The FL 4th DCA Closes a Loophole Exploited By Foreclosure Mills

 

The Florida 4th District Court of Appeals has handed down a ruling that would end the practice of foreclosure mill attorneys introducing into evidence original copies of undated mortgage notes endorsed in blank after the foreclosure lawsuit is filed.

Foreclosure mills in Florida are infamous for filing foreclosure actions against homeowners without being in possession of the note while claiming it in the complaint. Then days before trial presenting it the homeowner’s attorney as if it was readily available the whole time.

Well the Florida courts having enough of it and re-affirmed that the foreclosing parties must have proof they are mortgagee and the note holder before filing the foreclosure complaint.

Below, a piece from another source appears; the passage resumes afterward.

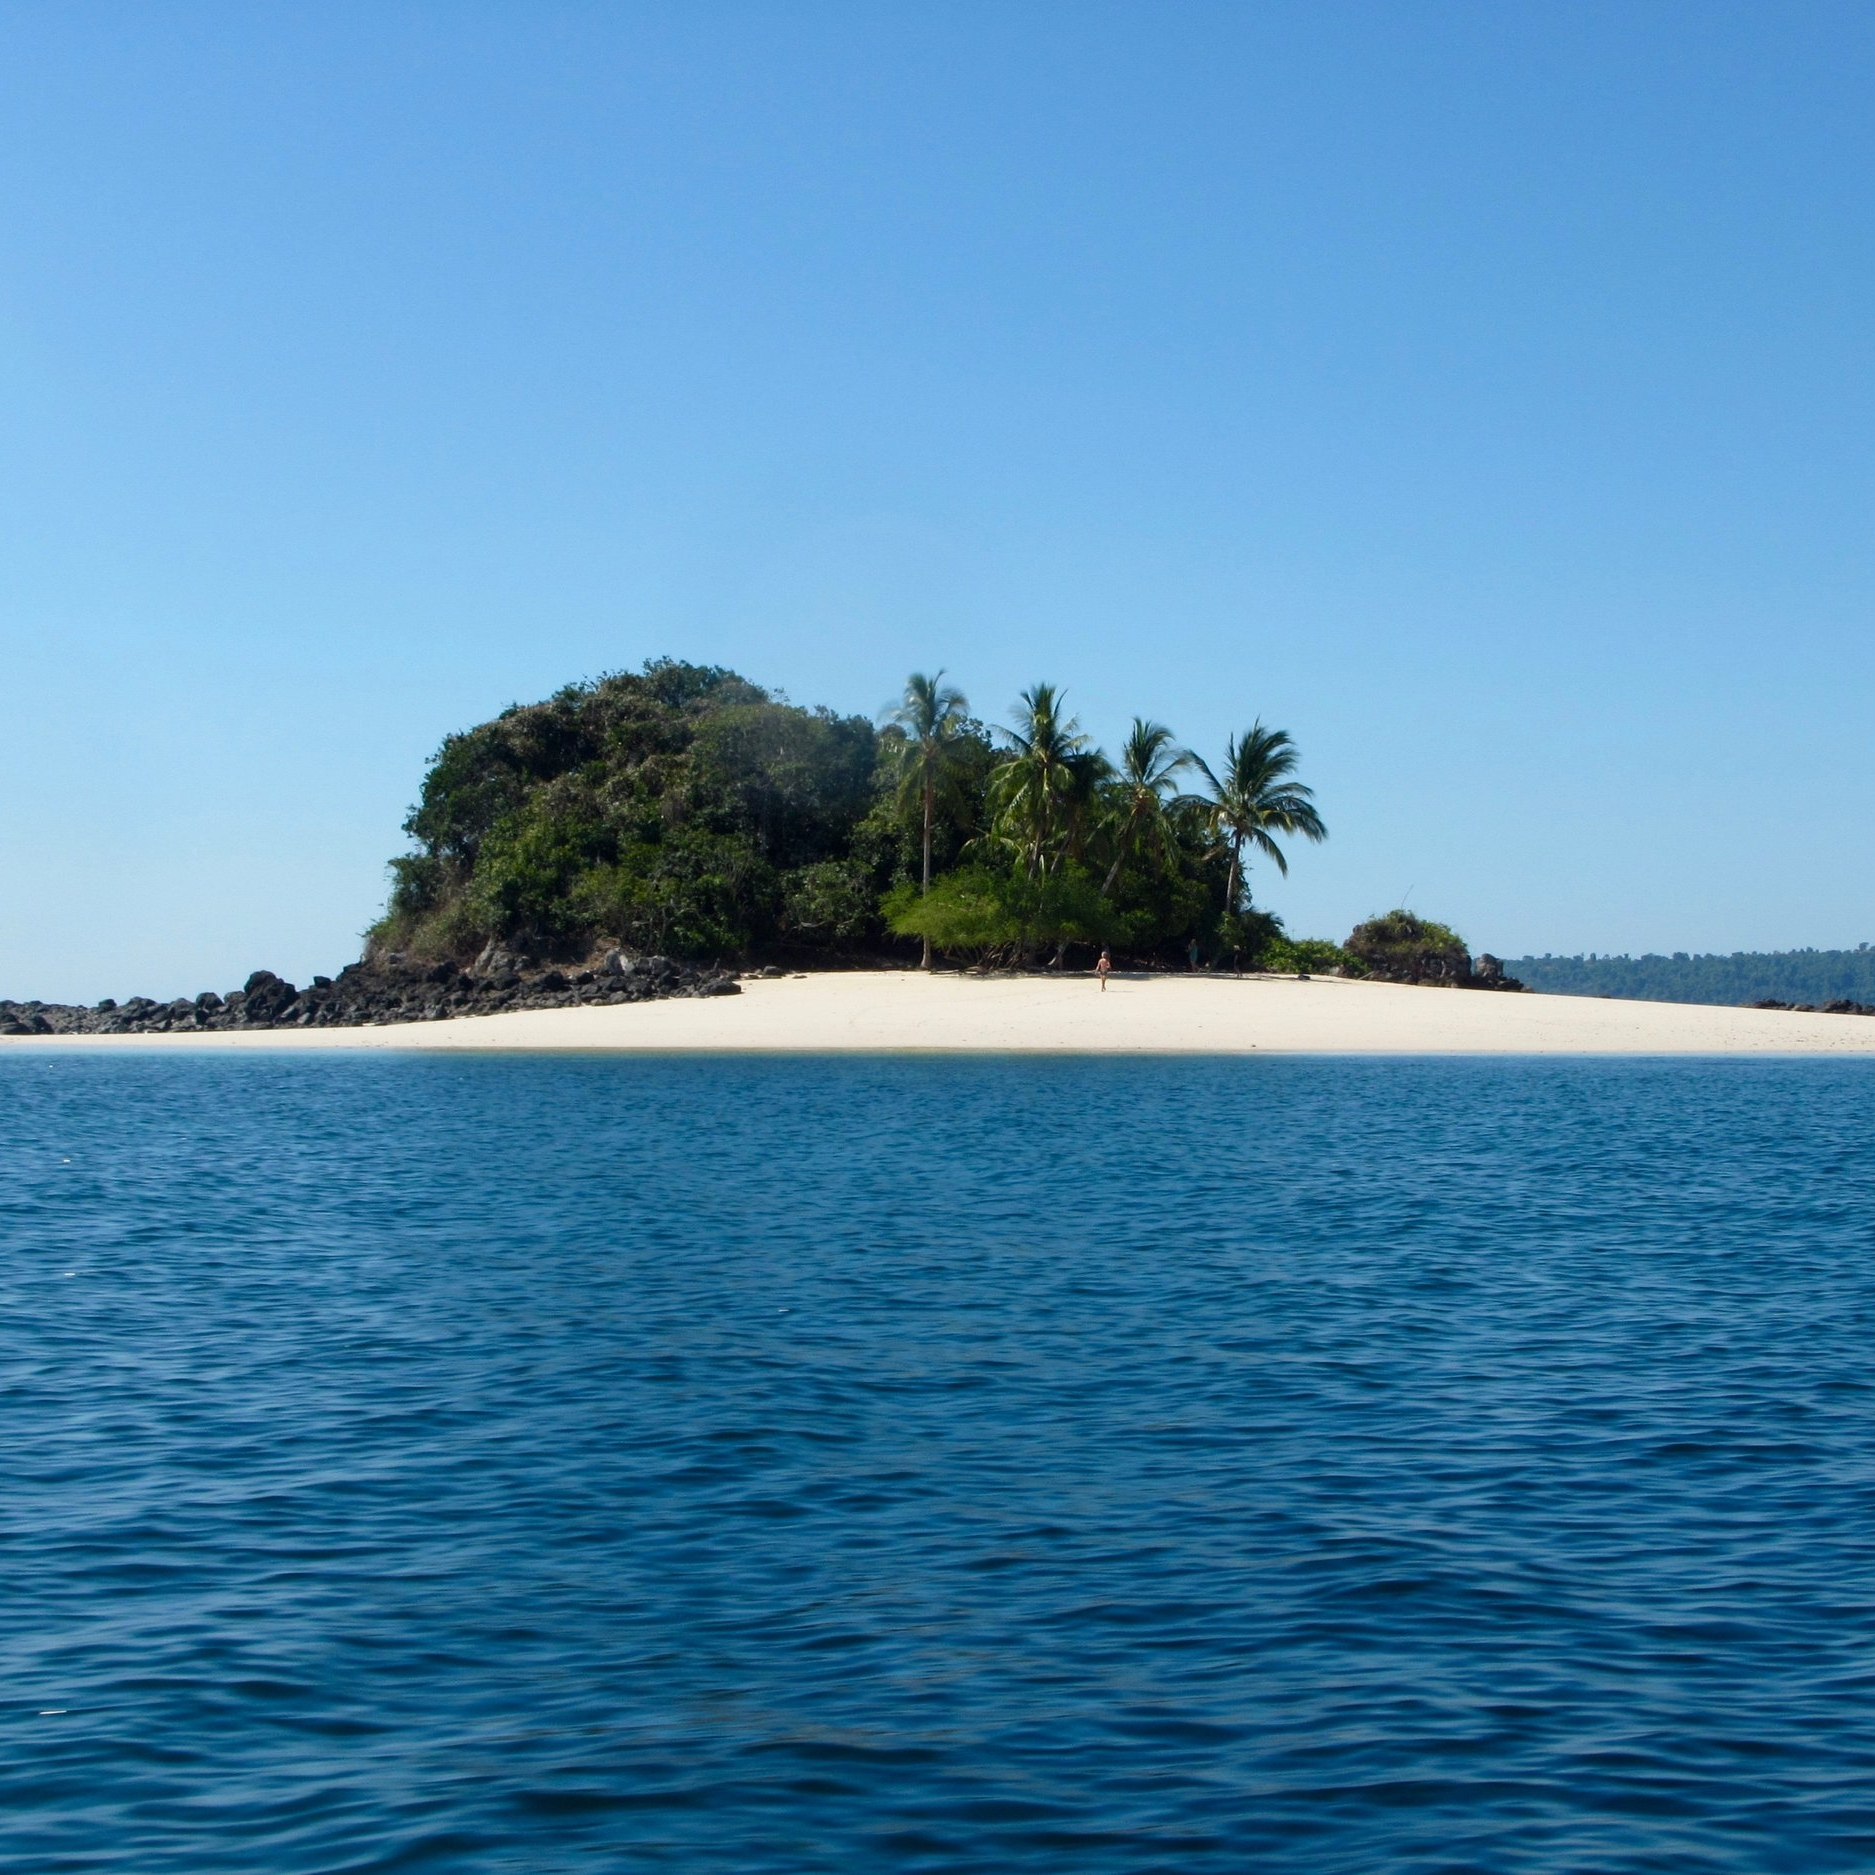 coiba-island-snorkeling-tour

“The party seeking foreclosure must present evidence that it owns and holds the note and mortgage in question in order to proceed with a foreclosure action.” Lizio v. McCullom, 36 So. 3d 927, 929 (Fla. 4th DCA 2010). The plaintiff must prove that it had standing to foreclose at the time the lawsuit was filed. McLean v. JP Morgan Chase Bank Nat’l Ass’n.

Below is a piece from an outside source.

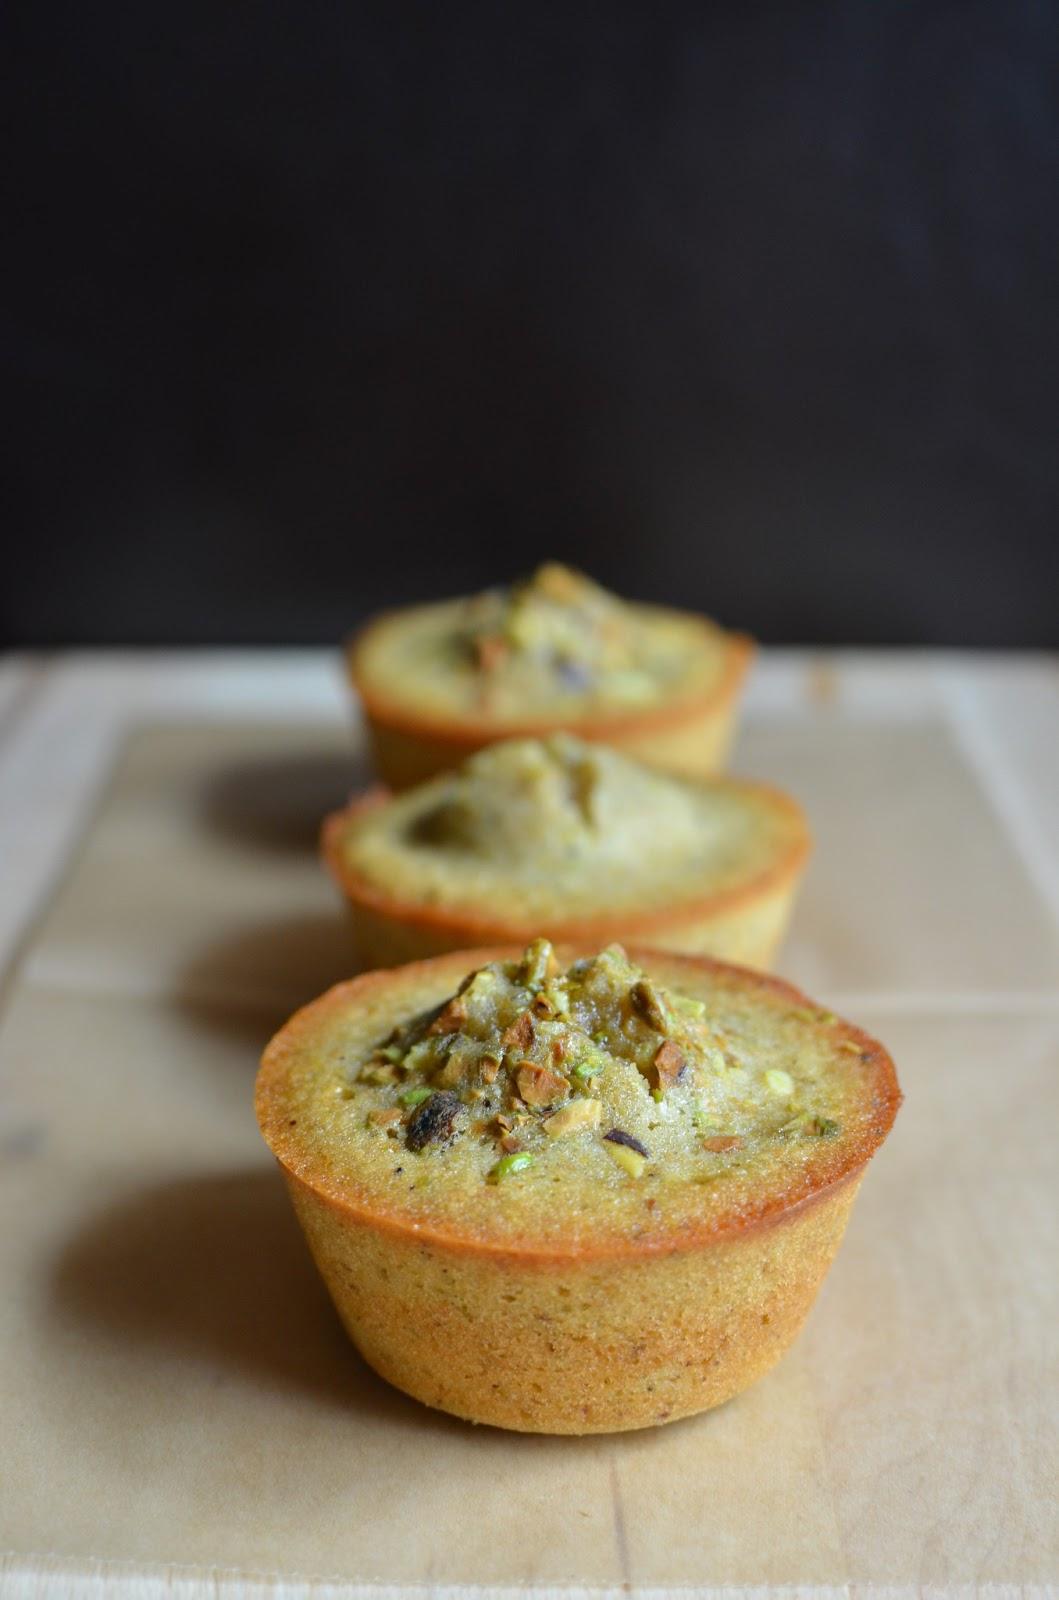 Pistachio Muffin Recipe With Cake Mix

Where the plaintiff files the original note after filing suit, an undated blank endorsement on the note is insufficient to prove standing at the time the initial complaint was filed. Bristol v. Wells Fargo Bank, Nat’l Ass’n, 137 So. 3d 1130, 1132 (Fla. 4th DCA 2014). Moreover, an assignment of mortgage, even if executed before the foreclosure action commenced, is insufficient to prove standing where the assignment reflects transfer of only the mortgage, not the note. Id. at 1133. The mortgage follows the assignment of the promissory note, but an assignment of the mortgage without an assignment of the debt creates no right in the assignee. Id.

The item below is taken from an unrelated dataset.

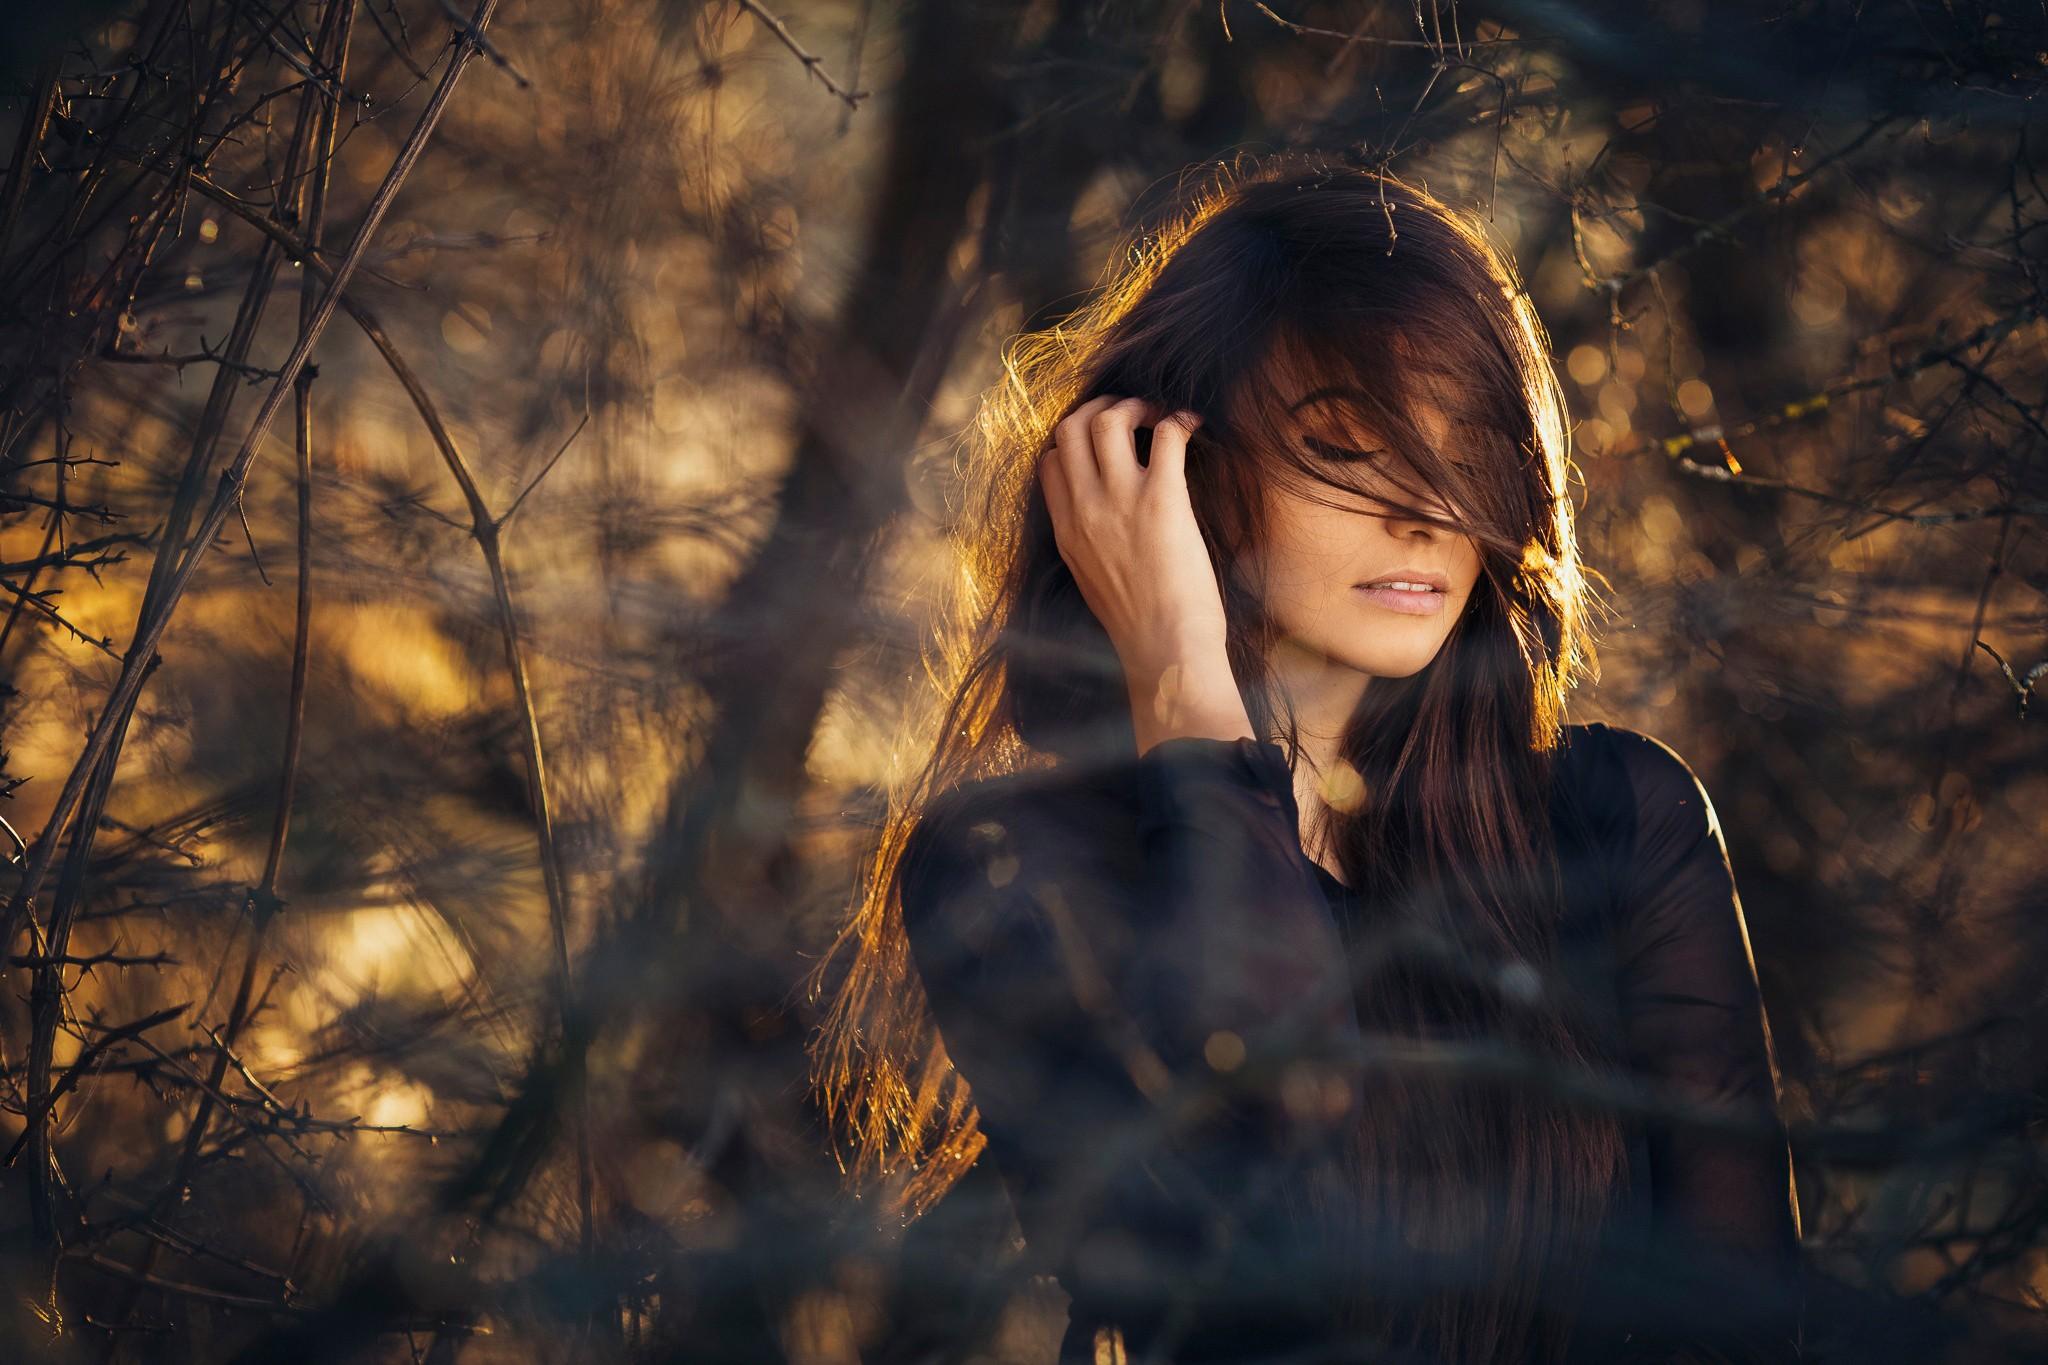 women, Brunette, Model, Long hair, Nature, Field, Women

Here, the plaintiff’s documents failed to demonstrate that the plaintiff had standing to foreclose at the time it originally filed suit. The undated blank endorsement on the original note, which was filed over a month after the plaintiff initially brought suit, was insufficient to prove that the plaintiff had standing to enforce the note at the inception of the lawsuit.

Likewise, the “Assignment of Mortgage” from DLJ Mortgage Capital to the plaintiff reflected a transfer of only the mortgage, not the note. Because there was no proof that the plaintiff was entitled to enforce the note when it filed the initial complaint, the Assignment of Mortgage to the plaintiff was insufficient to establish the plaintiff’s standing at the inception of the case. Thus, a genuine issue of material fact still exists as to when the plaintiff took possession of the note.